RECORD SET:

··········

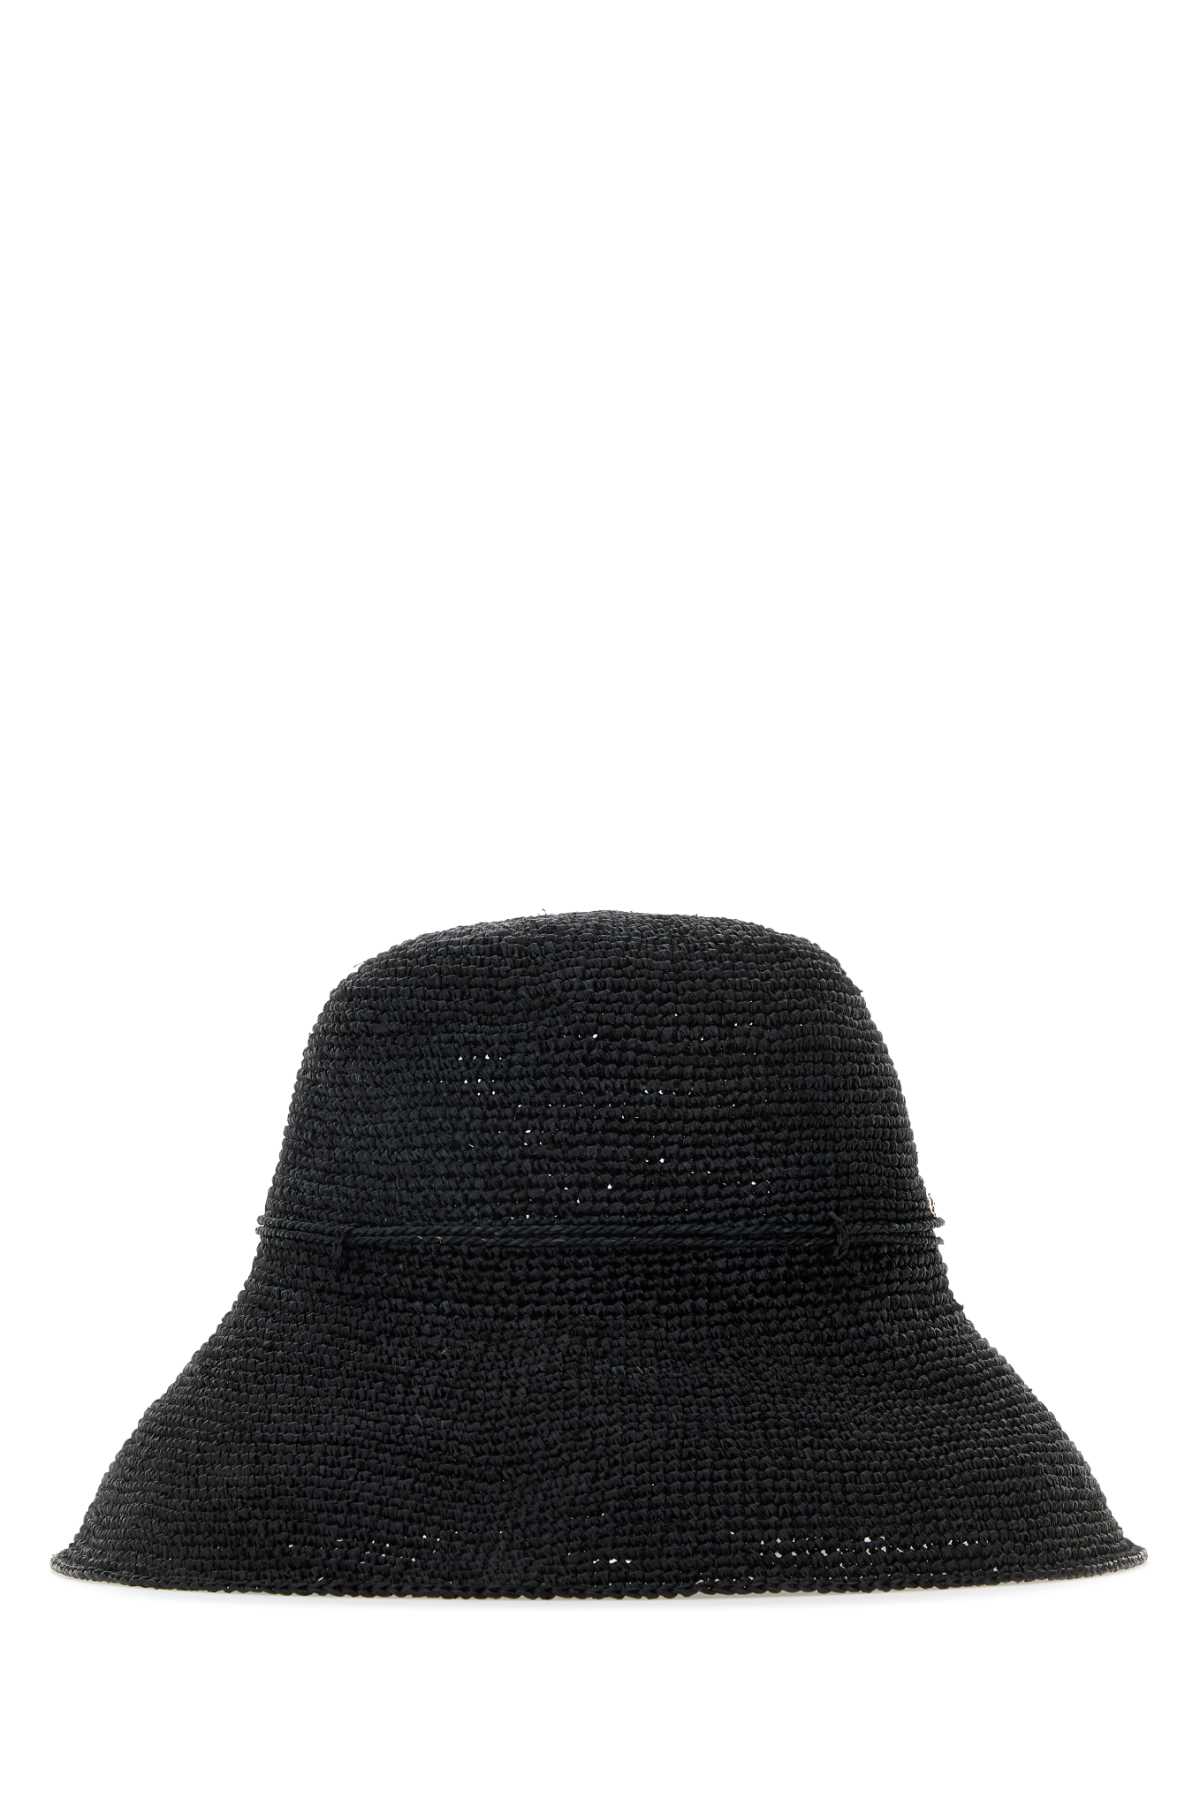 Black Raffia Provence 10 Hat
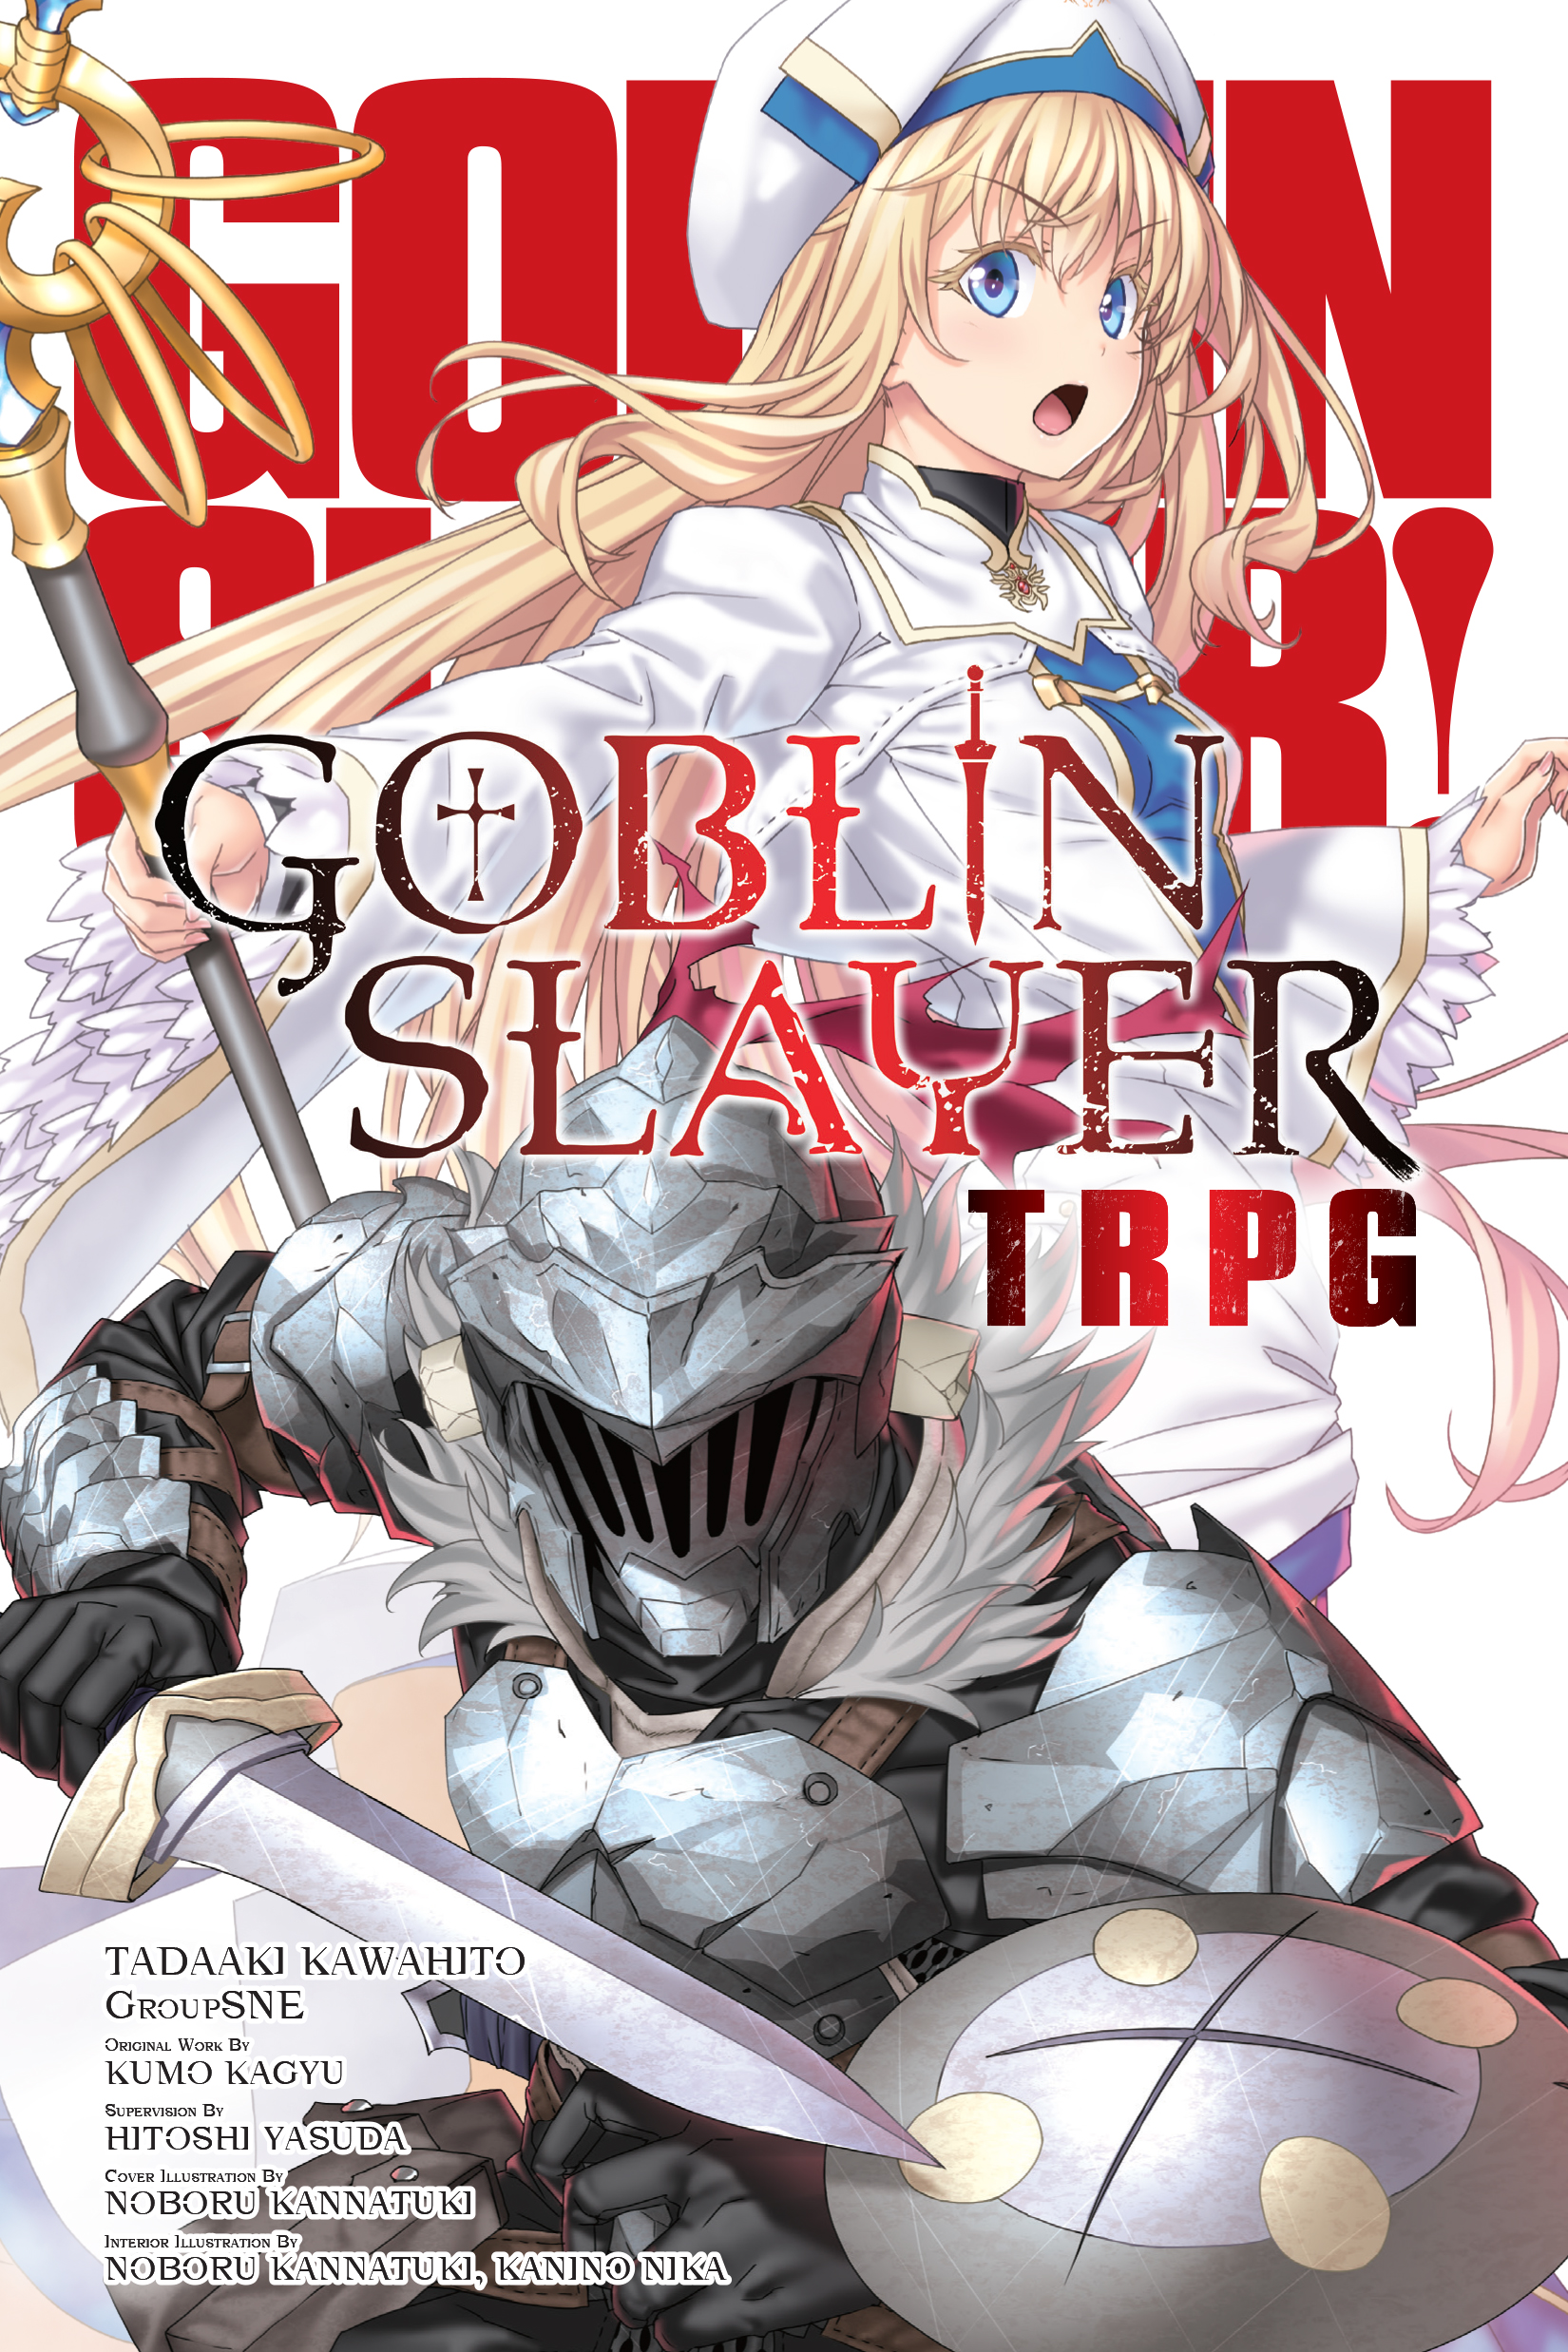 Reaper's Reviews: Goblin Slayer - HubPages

··········

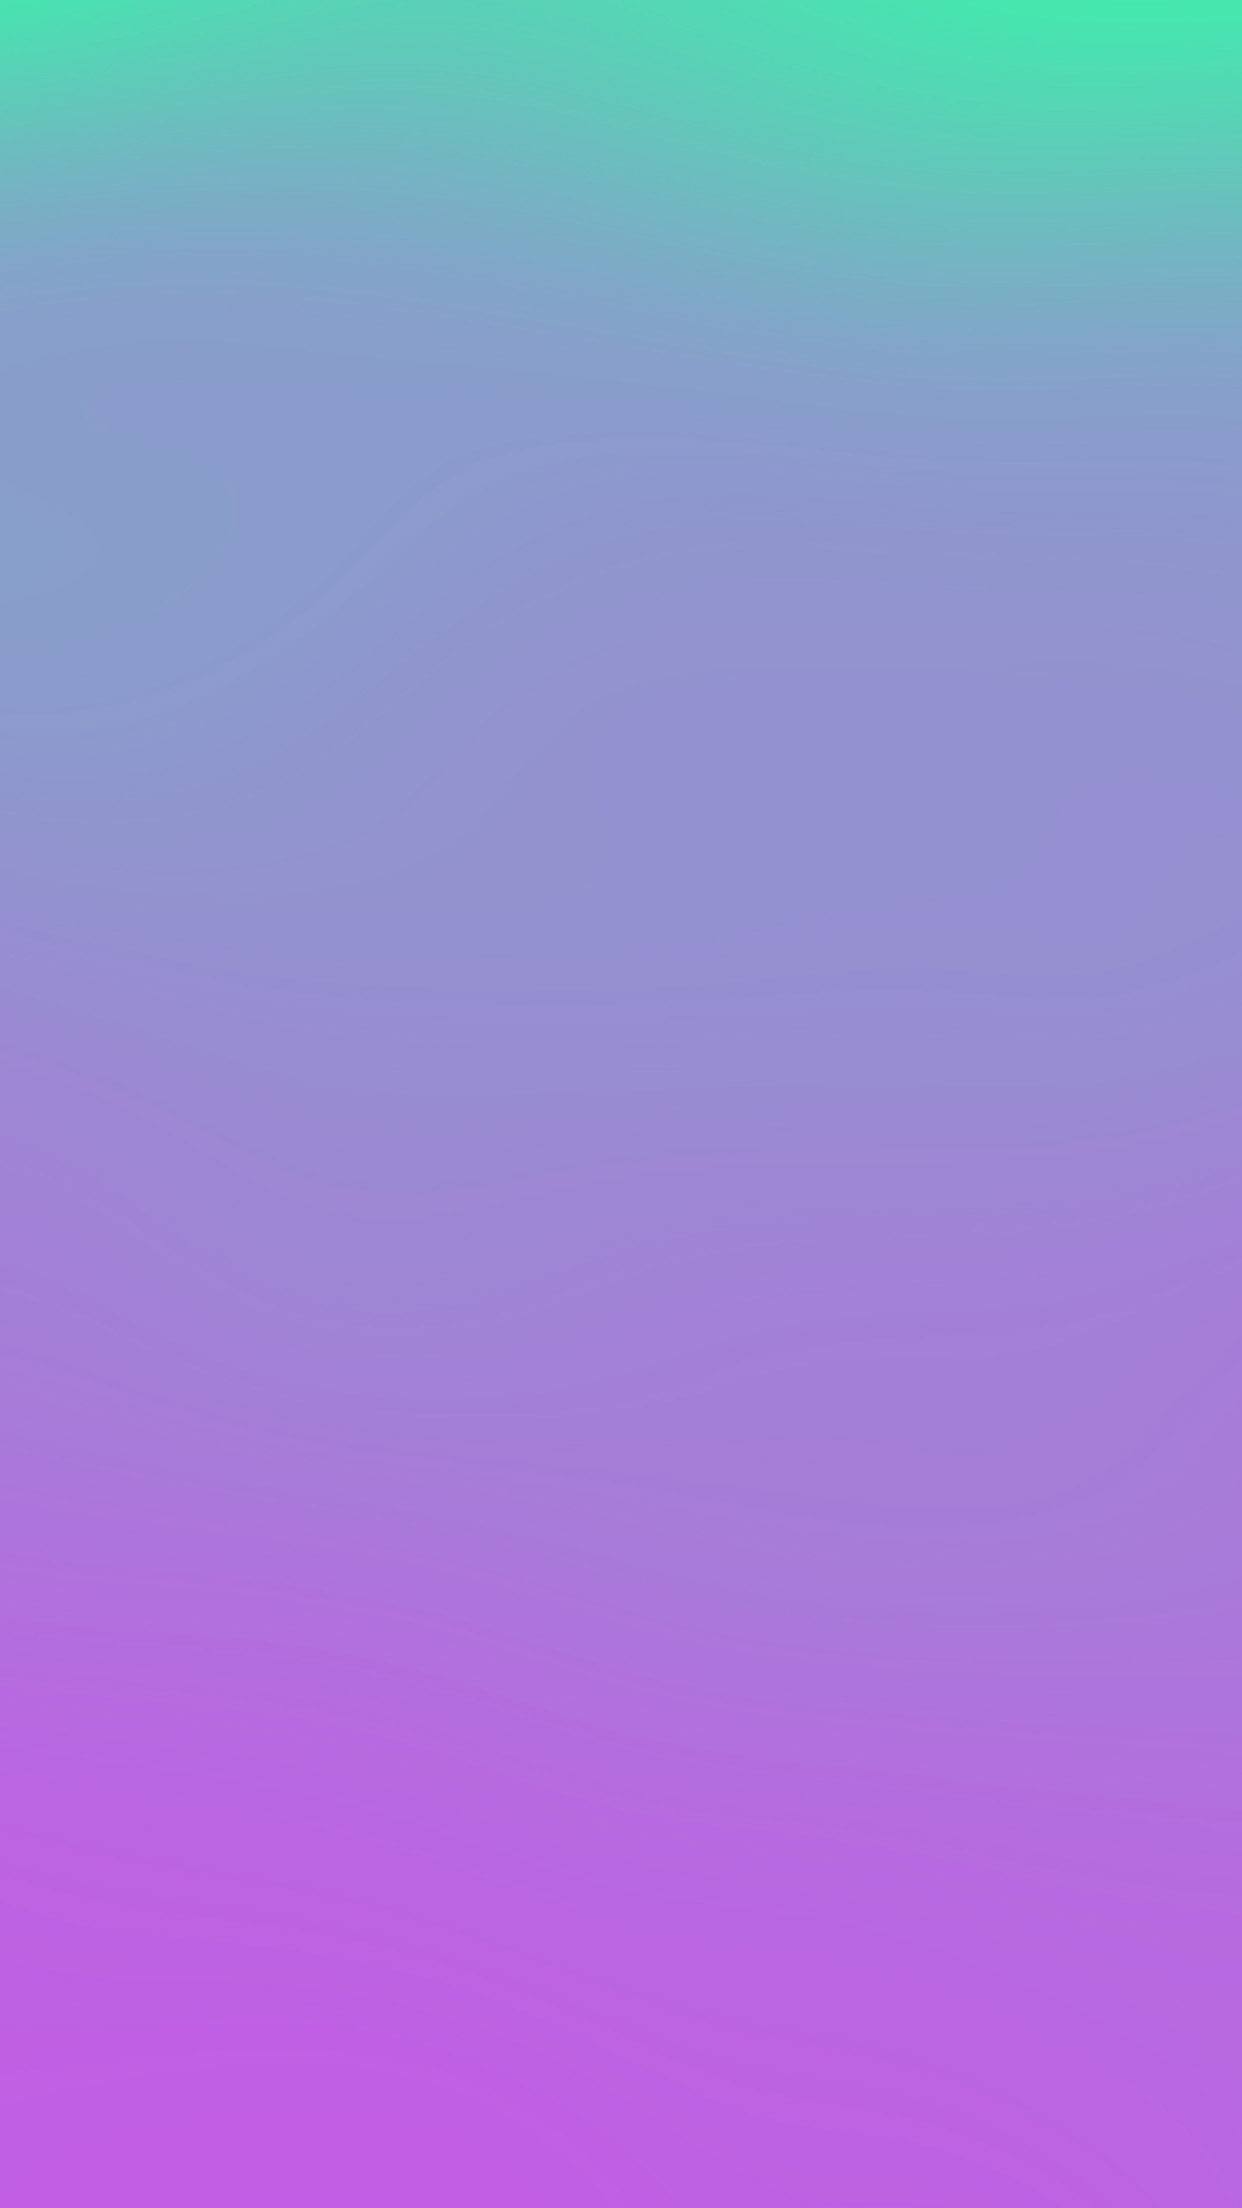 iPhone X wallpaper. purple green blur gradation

··········

ABOUT THIS EXERCISE:
Set the pictures aside and transcribe exactly the stretch of lines above, beginning with the one holding "Black Raffia Provence 10 Hat" and ending with the one holding "Reaper's Reviews: Goblin Slayer - HubPages".

SOLUTION TO THE EXERCISE:
 Black Raffia Provence 10 Hat
 Reaper's Reviews: Goblin Slayer - HubPages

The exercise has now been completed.